Tak berhenti sampai disana ketakjuban kami, semakin ke atas
ternyata bentang keindahan ala mini makin patut disyukuri adanya. Bukit yang
tampak saling merengkuh satu sama lain tampak begitu hijau. Bebatuan alam yang
besar juga masih tampak tak tersentuh.
Jangan ditanya lagi udara segar yang membuat kami betah
berlama-lama di atas sana. Pura batu kusi ini memang sangat cocok bagi mereka
yang hobi menjelajah alam maupun pecinta fotografi. Sudah bisa ditebak, minat
wisatawan untuk mengunjungi tempat apik ini cukup besar sehingga tiap harinya
Pura Batu Kursi tak pernah sepi pengunjung.

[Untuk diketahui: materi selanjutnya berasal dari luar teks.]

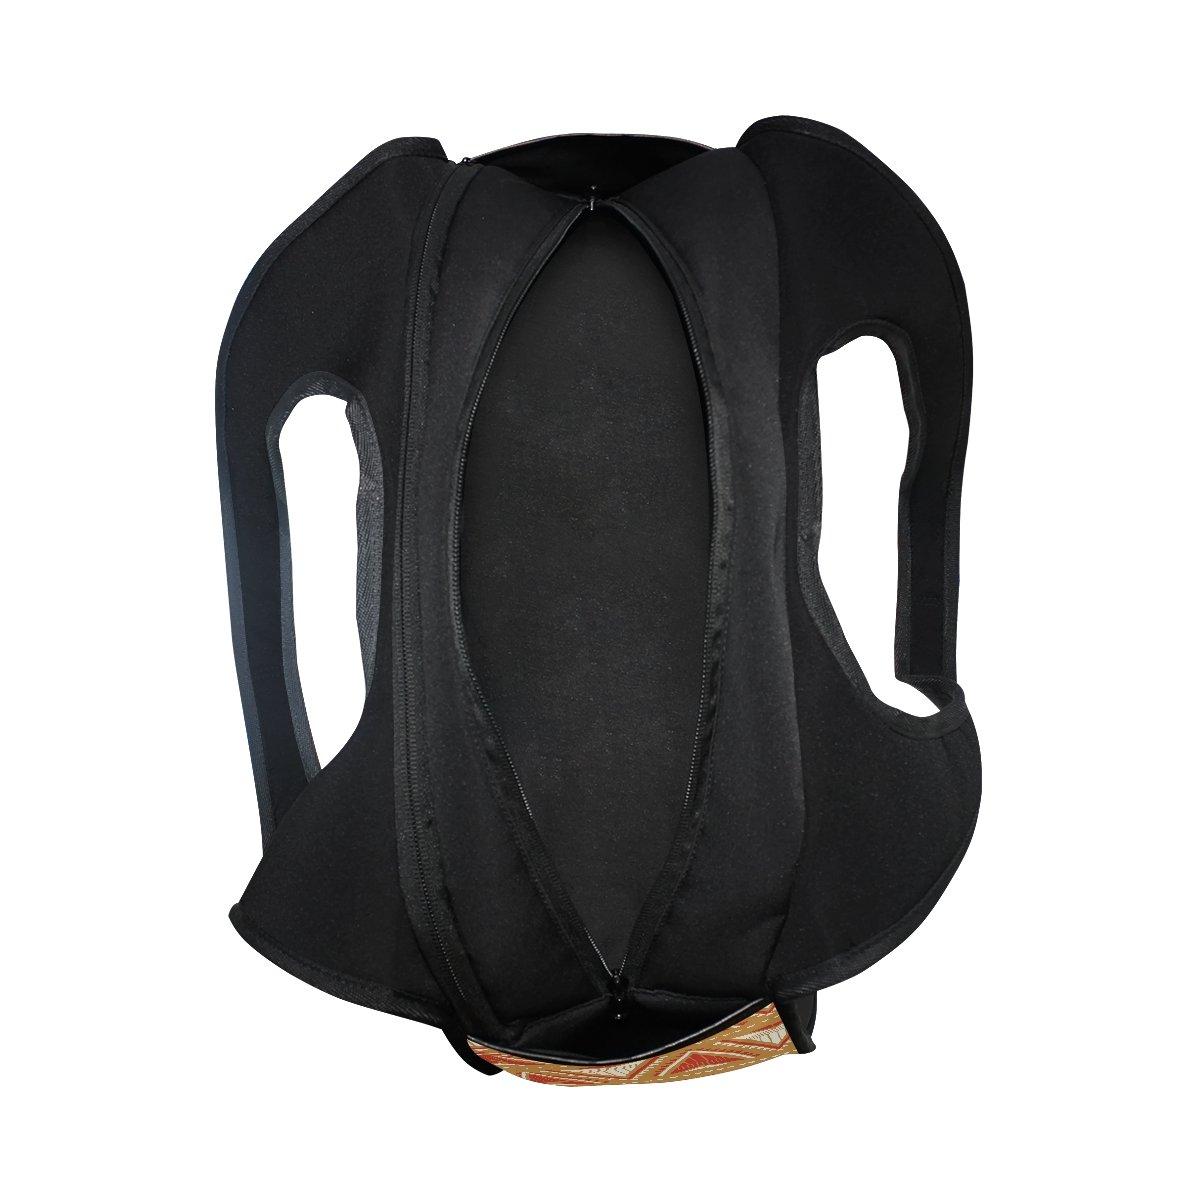 AHOMY Canvas Sports Gym Bag Chevron Travel Shoulder Bag
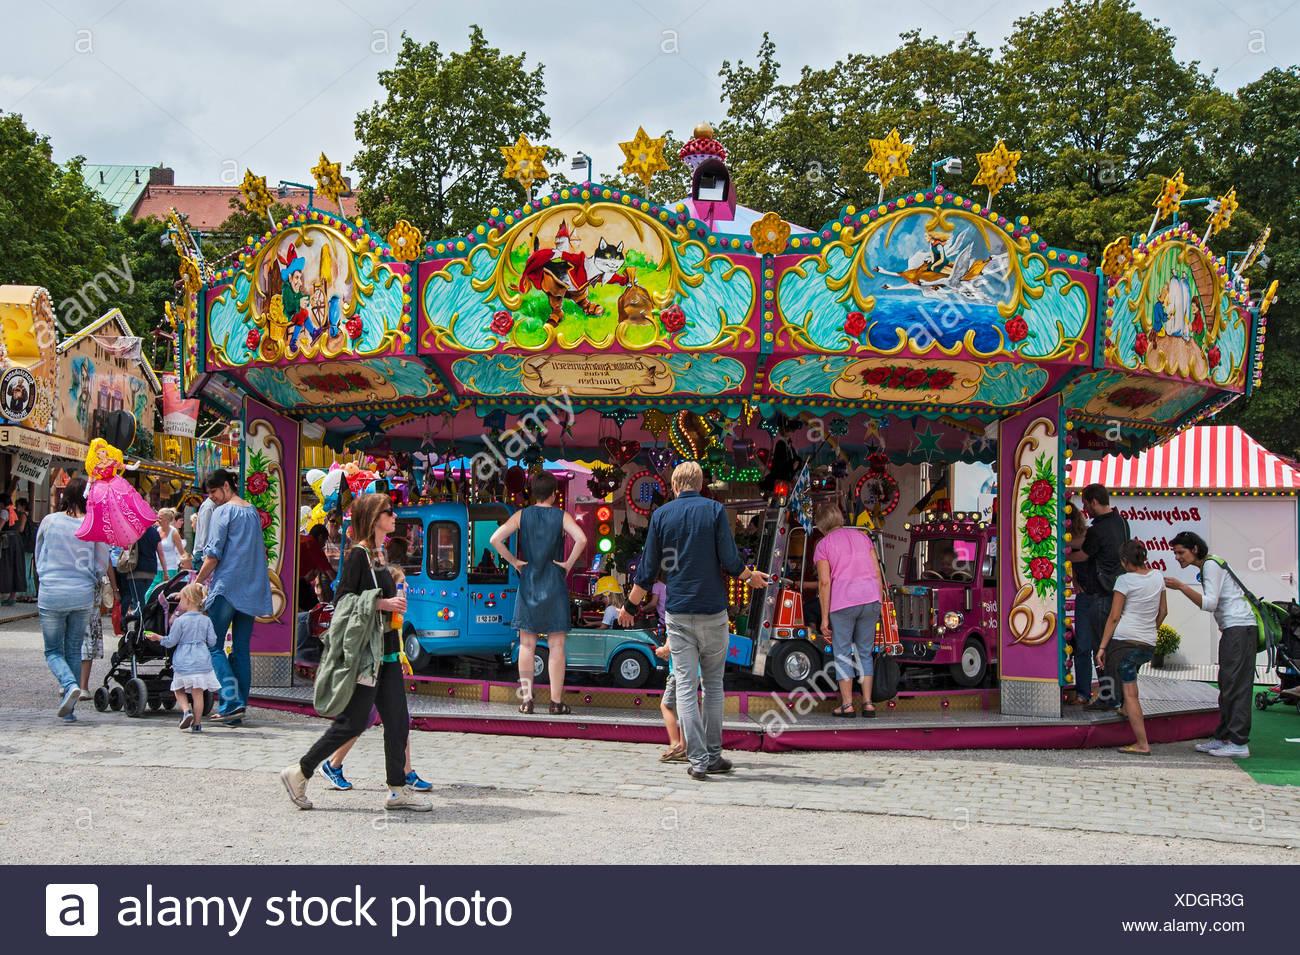 Nostalgic children's carousel, Auer Dult, Munich, Upper Bavaria, Bavaria, Germany - Stock Image

Rasa lelah sudah pasti terasa, bahkan beberapa kali para
cening hampir menyerah di perjalanan. Namun seketika kami berbalik dan disodori
keindahan yang luar biasa, rasanya tak puas jika belum sampai ke puncak yang
disebut Batu Kursi.
“Kita pasti bisa sampai ke puncak, di
tempat tertancapnya bendera merah putih itu.”
Saling menyemangati dan tak lupa mengabadikan momen menjadi
penabuh semangat untuk terus meniti anak tangga hingga ke puncaknya. Sambil
memandangi sekeliling, hamparan perbukitan semakin tampak nyata dari atas. Tak
sabar menggapai puncaknya, langkah kaki kami mempercepat hitungannya.
Beberapa saat kemudian, kami mencapai lereng menuju puncak
Batu kursi. Setapak berpagar besi menjadi satu-satunya jalan yang bisa kami
lalui. Kami pun masih harus mendaki sedikit bebatuan yang cukup licin, banyak
serpihan batu yang tergelincir ke bawah menambah rasa ngeri. Belum lagi ketika
kami melihat ke bawah, jurang-jurang tampak menganga siap melahap.
Hanya butuh beberapa saat, melawan rasa takut dan lelah
tentunya. Para cening sudah berada di atas puncak Batu Kursi. Rasanya setelah
melewati ratusan anak tangga sambil melawan rasa lelah benar-benar luar biasa.
Puas menikmati pemandangan alam dari atas, kami pun enggan mengakhiri pelukan
bukit kursi yang menyandu perasaan.
![]() |
| Almost touch the sky |
![]() |
| Beautiful Landscape. |
Akhirnya, senja pun usai dengan para cening yang mulai turun
menghitung balik anak tangga. Hari sudah mulai meredup, terik berganti remang
menjelang malam. Tandanya perpisahan para cening penjelajah alam hari ini.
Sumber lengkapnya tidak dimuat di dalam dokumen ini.